Dalam Pasal 3 disebutkan tiga objek penyerangan yang dimaksud dalam Pasal 2. “Penyerangan sebagaimana dimaksud dalam Pasal 2 dapat dilakukan dengan sasaran: a. Personel, b. Materiil dan, c. Gedung.”

Dalam Pasal 4 ayat (1) Perkapolri itu juga merumuskan tentang tujuh macam personel Polri yang dimaksud dalam Pasal 3 tersebut. Di antaranya, anggota Polri, pegawai negeri sipil (PNS) Polri, pegawai pemerintah dengan perjanjian kerja.

Dalam Pasal 4 huruf d, juga disebutkan keluarga Polri dan tahanan Polri, serta tamu Polri, dan orang lain dalam perlindungan Polri yang termasuk dalam definisi penyerangan terhadap personel Polri yang diatur dalam Pasal 3 huruf a tersebut. Dalam Pasal 4 ayat (2), defenisi tentang materiil yang diatur pada Pasal 2 huruf b, adalah:

a. persenjataan dan amunisi,

b. alat peralatan keamanan/alat material khusus,

c. kendaraan,

d. peralatan/perlengkapan kantor dan,

e. dokumen.

Dan yang dimaksud sebagai gedung dalam Pasal 3 huruf c, penjelasannya pada Pasal 4 ayat (3) yang meliputi:

a. pos penjagaan/gerbang,

b. gedung perkantoran,

c. gedung persenjataan,

d. gedung logistik,

e. sarana prasarana perkantoran,

f. ruang tahanan dan,

g. fasilitas sosial dan fasilitas umum.

Pada Pasal 5 Perkapolri itu mengatur soal penindakan, dan jenis-jenis penindakan yang dilakukan kepolisian. Pasal 6 disebutkan lima jenis penindakan yang akan dilakukan kepolisian untuk menghadapi situasi penyerangan.

“Meliputi: a. Peringatan, b. Penangkapan, c. pemeriksaan/penggeledahan, d. pengamanan barang/benda yang digunakan untuk melakukan aksi penyerangan dan atau, e. penggunaan senjata api secara tegas dan terukur,” begitu bunyi dalam Pasal 6.

Dalam Pasal 11 Perkapolri 4/2025 itu dijelaskan tentang penggunaan senjata api yang dilakukan aparat kepolisian dalam mengambil tindakan atas aksi-aksi penyerangan tersebut. Disebutkan dalam Pasal 11 itu, penggunaan senjata api dilakukan dalam tiga jenis kondisi atau situasi.

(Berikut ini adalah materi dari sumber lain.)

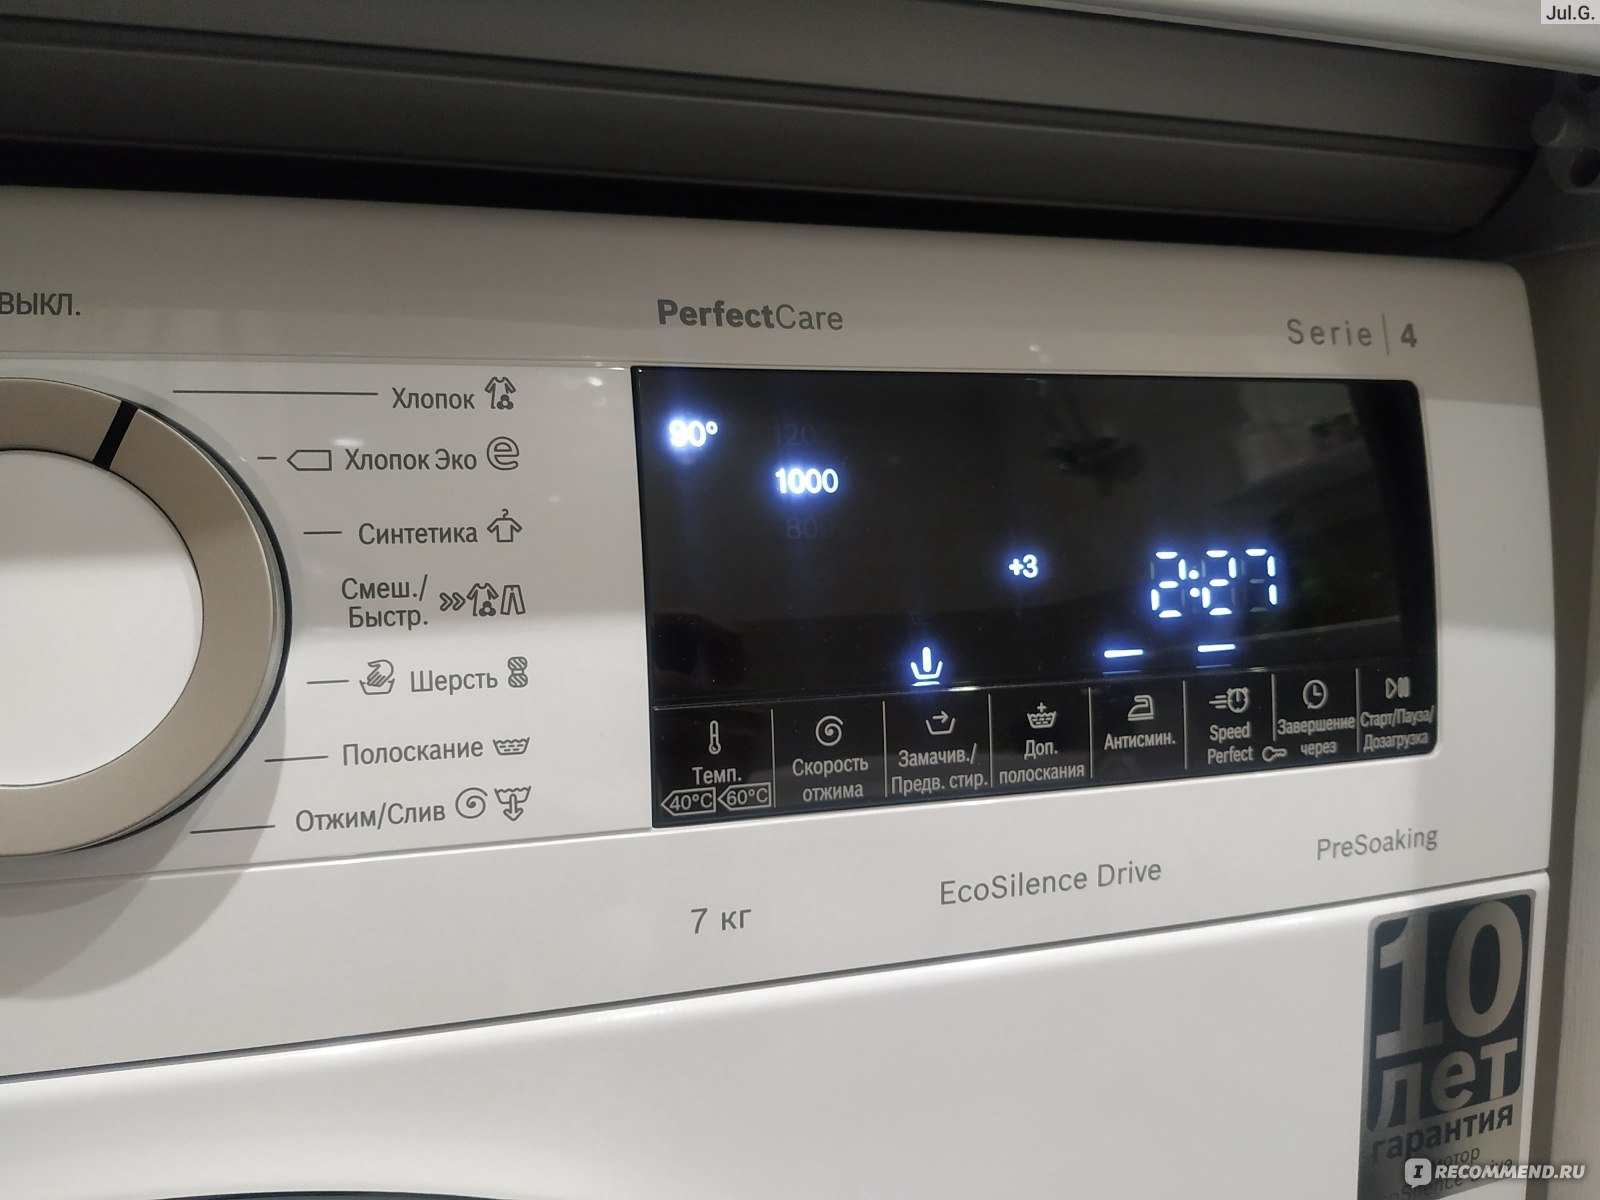 стиральная машина bosch 4 series perfectcare отзывы
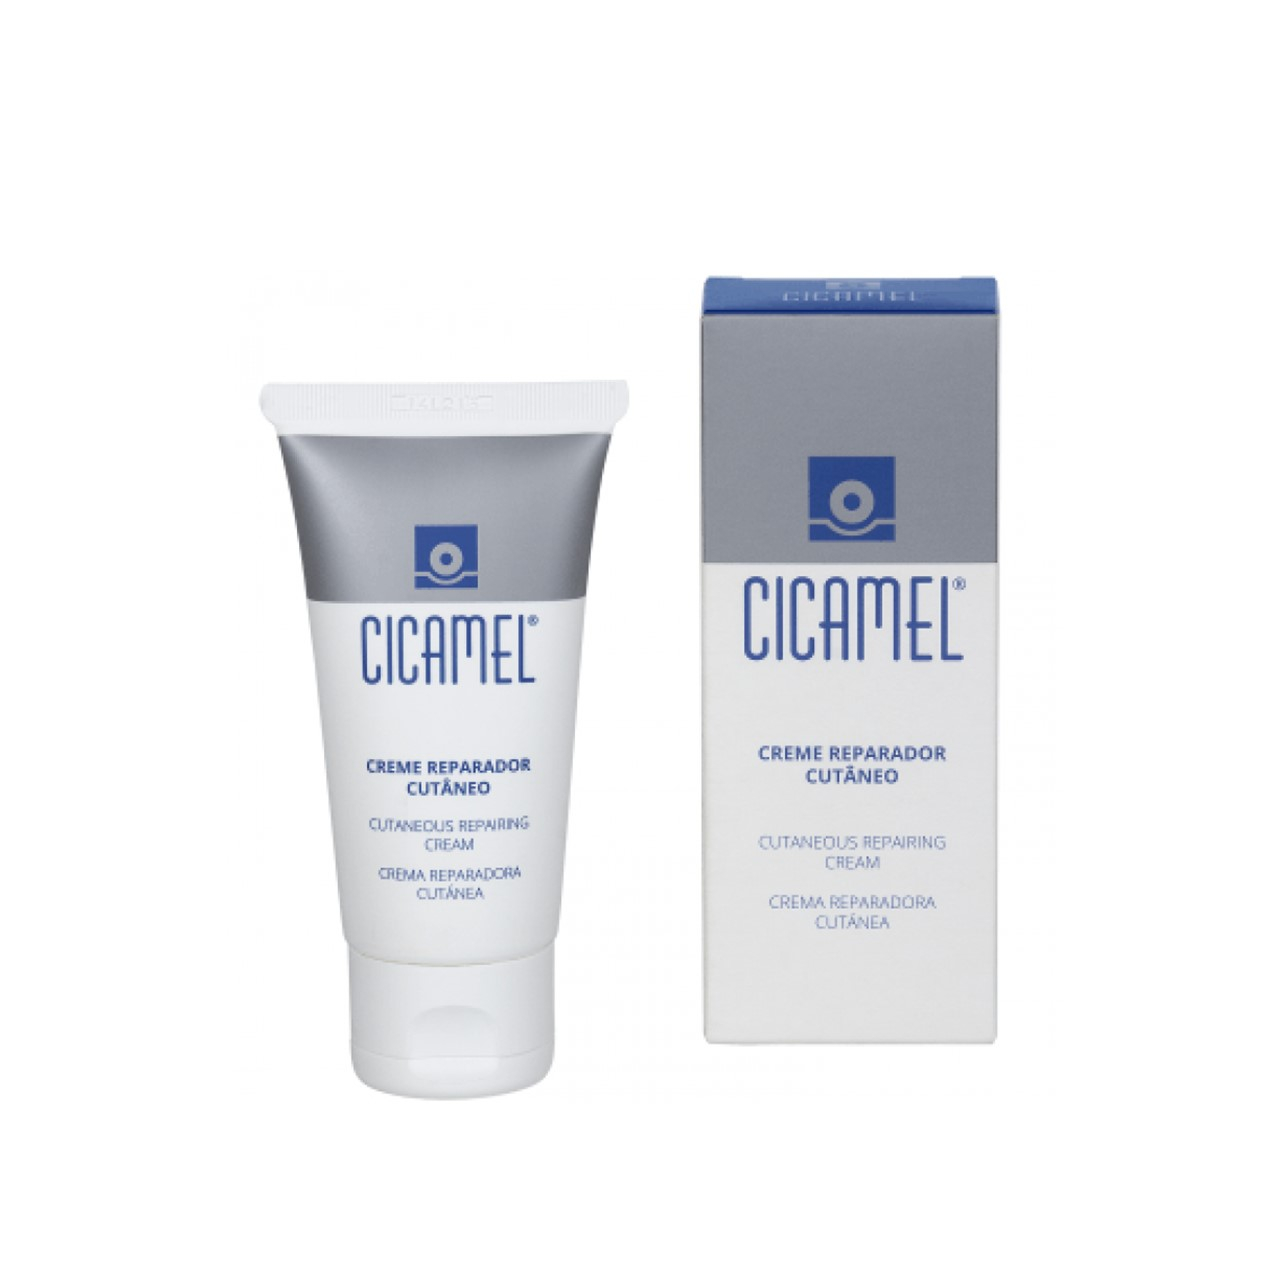 Cicamel Cutaneous Reparing Cream 50ml

Kondisi situasi pertama, jika penyerangan memasuki lingkungan Polri dengan cara paksa.  Kedua jika penyerang melakukan tindak pidana lain. Dan ketiga penggunaan senjata api dilakukan jika penyerang tersebut dengan melakukan sesuatu yang dapat mengancam jiwa anggota kepolisian ataupun orang lain.

“Penggunaan senjata api sebagai mana yang dimaksud dalam Pasal huruf e dilakukan dalam kondisi: a. penyerang memasuki lingkungan Polri secara paksa. b. penyerang melakukan: pembakaran, perusakan, pencurian, perampasan, penjarahan, penyanderaan, penganiayaan dan atau pengeroyokan, dan penyerang melakukan penyerangan yang dapat mengancam jiwa petugas Polri dan atau orang lain,” begitu bunyi Pasal 11 tersebut.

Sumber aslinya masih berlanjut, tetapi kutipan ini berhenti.